> Collected data:

BEGIN

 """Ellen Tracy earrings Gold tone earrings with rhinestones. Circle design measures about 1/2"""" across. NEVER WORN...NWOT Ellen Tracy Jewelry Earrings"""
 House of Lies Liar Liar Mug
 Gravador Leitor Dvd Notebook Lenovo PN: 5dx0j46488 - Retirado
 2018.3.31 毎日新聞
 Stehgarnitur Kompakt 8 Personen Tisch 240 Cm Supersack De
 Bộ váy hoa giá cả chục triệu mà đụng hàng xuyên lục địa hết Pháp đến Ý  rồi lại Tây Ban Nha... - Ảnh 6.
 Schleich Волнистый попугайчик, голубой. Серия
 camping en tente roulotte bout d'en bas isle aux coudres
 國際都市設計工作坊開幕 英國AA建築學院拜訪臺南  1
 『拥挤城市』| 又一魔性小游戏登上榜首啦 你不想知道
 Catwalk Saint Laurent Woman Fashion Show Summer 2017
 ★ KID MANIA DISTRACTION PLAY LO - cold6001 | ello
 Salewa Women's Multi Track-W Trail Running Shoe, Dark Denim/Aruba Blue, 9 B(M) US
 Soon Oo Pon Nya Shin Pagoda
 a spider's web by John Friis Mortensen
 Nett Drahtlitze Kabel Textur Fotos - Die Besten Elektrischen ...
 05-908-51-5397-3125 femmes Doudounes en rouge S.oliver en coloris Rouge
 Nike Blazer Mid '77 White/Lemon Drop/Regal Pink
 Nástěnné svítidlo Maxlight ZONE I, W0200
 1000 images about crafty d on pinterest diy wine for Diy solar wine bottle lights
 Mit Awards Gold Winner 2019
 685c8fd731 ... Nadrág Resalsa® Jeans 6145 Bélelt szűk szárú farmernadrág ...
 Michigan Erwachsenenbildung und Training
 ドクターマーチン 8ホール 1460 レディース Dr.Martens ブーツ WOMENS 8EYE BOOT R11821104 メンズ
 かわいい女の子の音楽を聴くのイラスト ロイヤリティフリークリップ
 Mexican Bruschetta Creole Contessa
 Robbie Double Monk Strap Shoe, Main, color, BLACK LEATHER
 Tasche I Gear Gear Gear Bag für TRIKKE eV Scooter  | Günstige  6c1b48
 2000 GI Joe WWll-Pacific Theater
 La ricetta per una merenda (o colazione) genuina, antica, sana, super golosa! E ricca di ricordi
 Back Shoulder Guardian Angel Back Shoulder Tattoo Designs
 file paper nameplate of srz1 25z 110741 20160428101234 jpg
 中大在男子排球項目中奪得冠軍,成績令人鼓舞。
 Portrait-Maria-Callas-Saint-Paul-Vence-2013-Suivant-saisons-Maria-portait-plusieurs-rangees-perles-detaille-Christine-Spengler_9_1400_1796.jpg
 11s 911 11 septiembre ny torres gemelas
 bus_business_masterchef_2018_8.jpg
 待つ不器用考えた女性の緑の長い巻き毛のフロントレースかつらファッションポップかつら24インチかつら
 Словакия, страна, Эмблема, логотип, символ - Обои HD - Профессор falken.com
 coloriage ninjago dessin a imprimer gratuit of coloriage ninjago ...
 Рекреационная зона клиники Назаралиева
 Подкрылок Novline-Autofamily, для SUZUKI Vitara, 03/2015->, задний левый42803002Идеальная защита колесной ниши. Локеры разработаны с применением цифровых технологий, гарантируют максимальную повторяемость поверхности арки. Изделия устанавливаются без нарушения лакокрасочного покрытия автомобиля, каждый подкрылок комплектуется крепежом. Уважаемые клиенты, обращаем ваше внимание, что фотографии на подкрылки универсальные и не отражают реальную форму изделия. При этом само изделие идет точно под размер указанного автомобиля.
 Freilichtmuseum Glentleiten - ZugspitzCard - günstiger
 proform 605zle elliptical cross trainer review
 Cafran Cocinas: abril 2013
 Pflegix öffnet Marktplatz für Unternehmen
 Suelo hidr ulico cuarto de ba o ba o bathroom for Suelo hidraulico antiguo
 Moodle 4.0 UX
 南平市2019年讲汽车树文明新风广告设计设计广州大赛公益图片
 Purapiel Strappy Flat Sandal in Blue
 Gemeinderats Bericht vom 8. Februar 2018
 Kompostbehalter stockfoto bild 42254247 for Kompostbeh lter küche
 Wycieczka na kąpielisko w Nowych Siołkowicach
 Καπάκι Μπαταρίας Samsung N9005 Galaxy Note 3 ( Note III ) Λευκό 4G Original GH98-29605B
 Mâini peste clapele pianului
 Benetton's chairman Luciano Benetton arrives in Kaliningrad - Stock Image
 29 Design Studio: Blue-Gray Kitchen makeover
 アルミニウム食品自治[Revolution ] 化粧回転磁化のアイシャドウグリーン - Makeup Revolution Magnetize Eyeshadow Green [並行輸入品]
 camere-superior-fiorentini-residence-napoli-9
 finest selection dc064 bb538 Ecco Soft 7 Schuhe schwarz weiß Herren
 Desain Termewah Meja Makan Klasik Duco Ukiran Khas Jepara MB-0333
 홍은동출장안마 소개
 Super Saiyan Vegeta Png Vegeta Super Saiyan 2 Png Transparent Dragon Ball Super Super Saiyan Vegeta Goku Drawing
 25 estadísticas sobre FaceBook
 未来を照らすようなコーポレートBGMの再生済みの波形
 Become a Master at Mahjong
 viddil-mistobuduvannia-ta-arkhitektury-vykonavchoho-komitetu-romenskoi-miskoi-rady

END

> Task requirements: The required output is each line of the entries that contains the word "about".

> Result:
 """Ellen Tracy earrings Gold tone earrings with rhinestones. Circle design measures about 1/2"""" across. NEVER WORN...NWOT Ellen Tracy Jewelry Earrings"""
 1000 images about crafty d on pinterest diy wine for Diy solar wine bottle lights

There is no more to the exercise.